Saturday, September 5, 2015

What imagery of destruction does Ray Bradbury use in the short story "There Will Come Soft Rains"?

"There Will Come Soft Rains" is Ray Bradbury's depiction of the aftermath of a nuclear attack and an automated house which survives despite the deaths of the humans who live there. Bradbury structures the first two-thirds of the story by the house's announcements of time. By eight-thirty the reader realizes that something is amiss as the prepared breakfast is not eaten and is "flushed" away. At ten o'clock we discover that the house is the only one left standing in the city. The description of the "city of rubble" is the first use of imagery evoking destruction, but is not the last.

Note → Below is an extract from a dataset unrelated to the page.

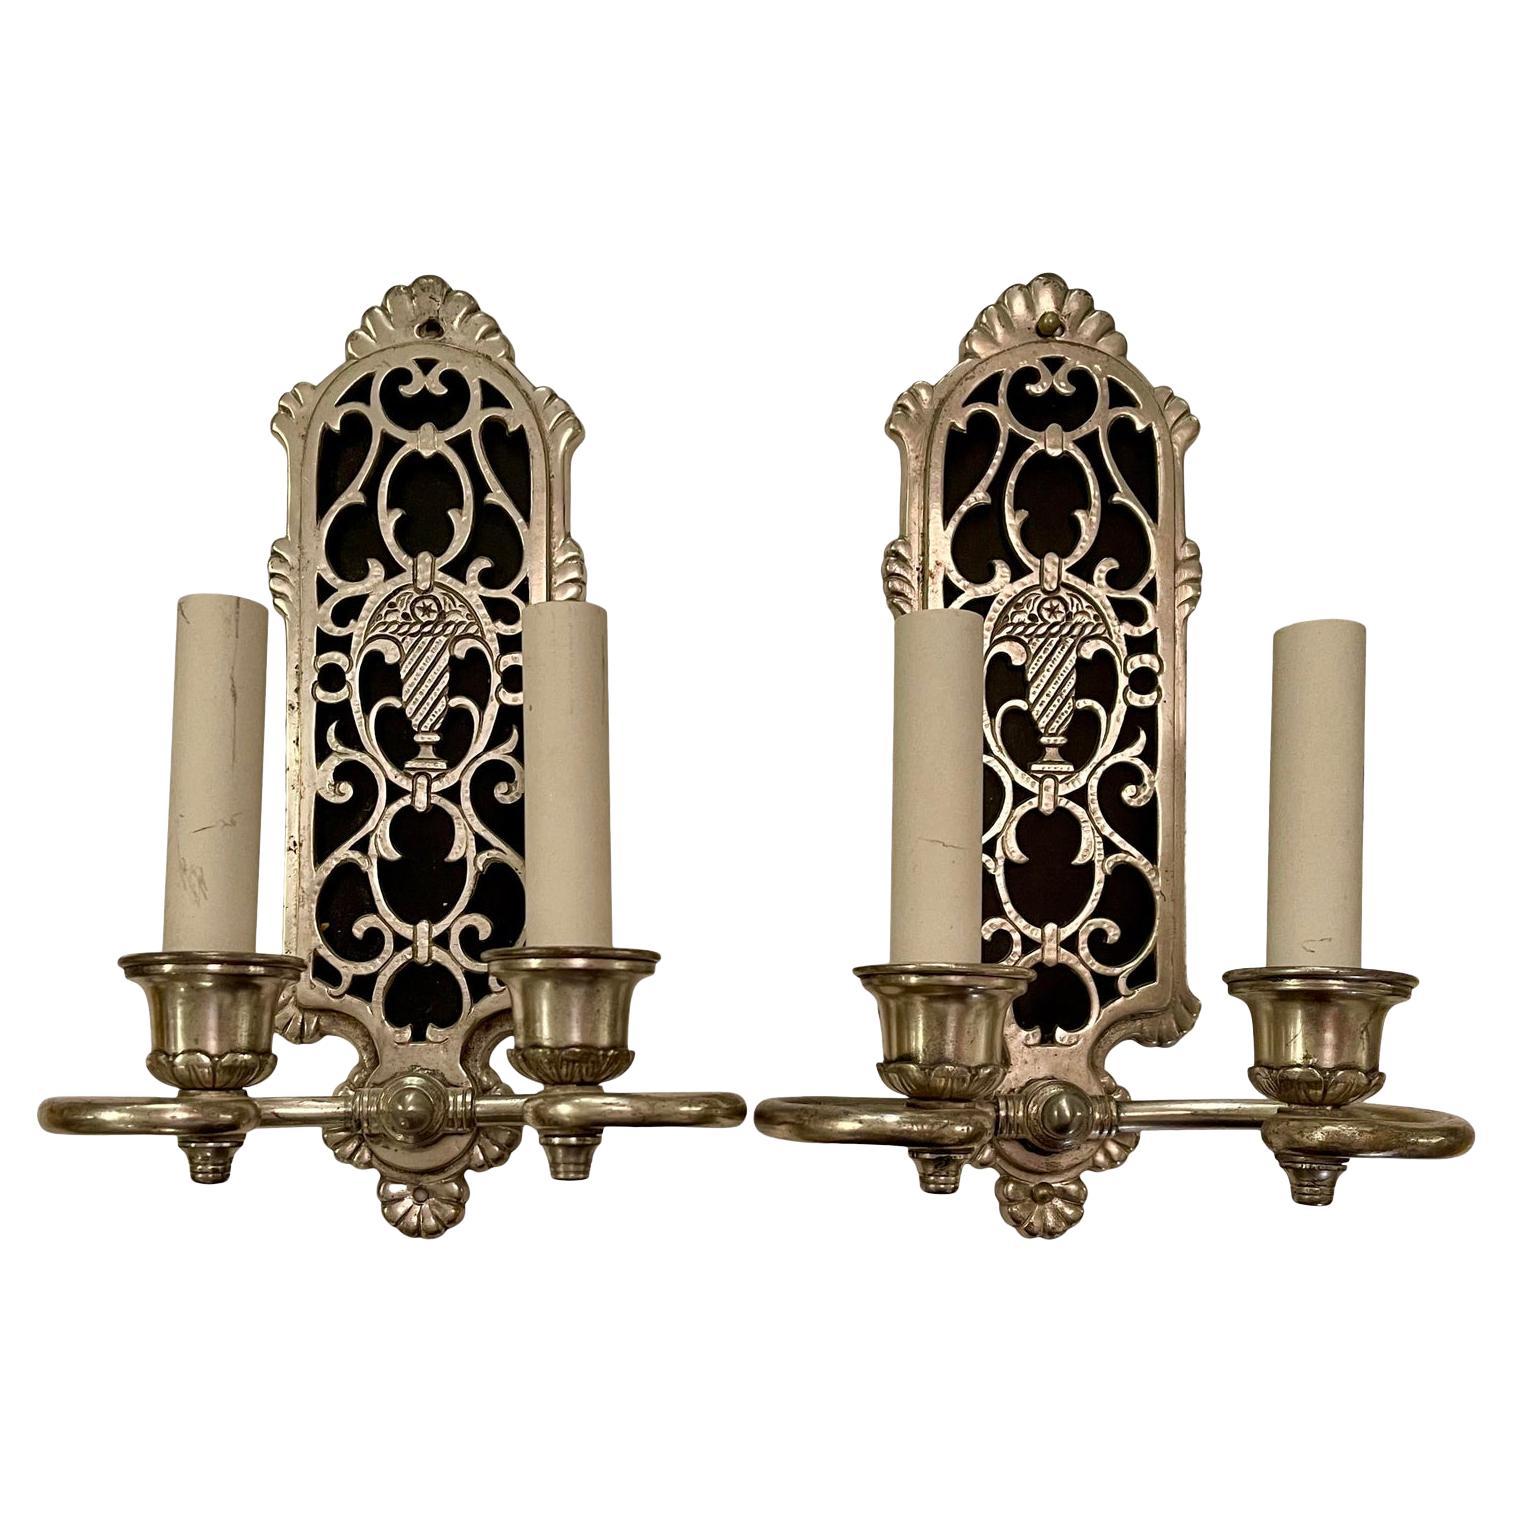 Pair of Art Deco Style Remains Lighting Silver Wall Light Sconce

Images of people who have been killed are blasted on the charcoaled outside wall, and the dog, who has survived the initial blast, succumbs to radioactivity as "its eyes turned to fire." In the last third of the story destruction reigns as the house catches on fire when a tree crashes through a window, spilling a flammable liquid on the hot stove.


Despite all its best efforts to avert calamity, the robotic house cannot quell the spreading conflagration. Windows break, flames race from room to room, the blaze destroys furnishings and, as the attic crashes into the kitchen, the house dies. Bradbury describes it like a "bared skeleton" as wires and the inner workings of the house are revealed by the intense heat. The house is finally portrayed as "heaped rubble and steam." 

No comments:

Post a Comment

What was the device called which Faber had given Montag in order to communicate with him?

In Part Two "The Sieve and the Sand" of the novel Fahrenheit 451, Montag travels to Faber's house trying to find meaning in th...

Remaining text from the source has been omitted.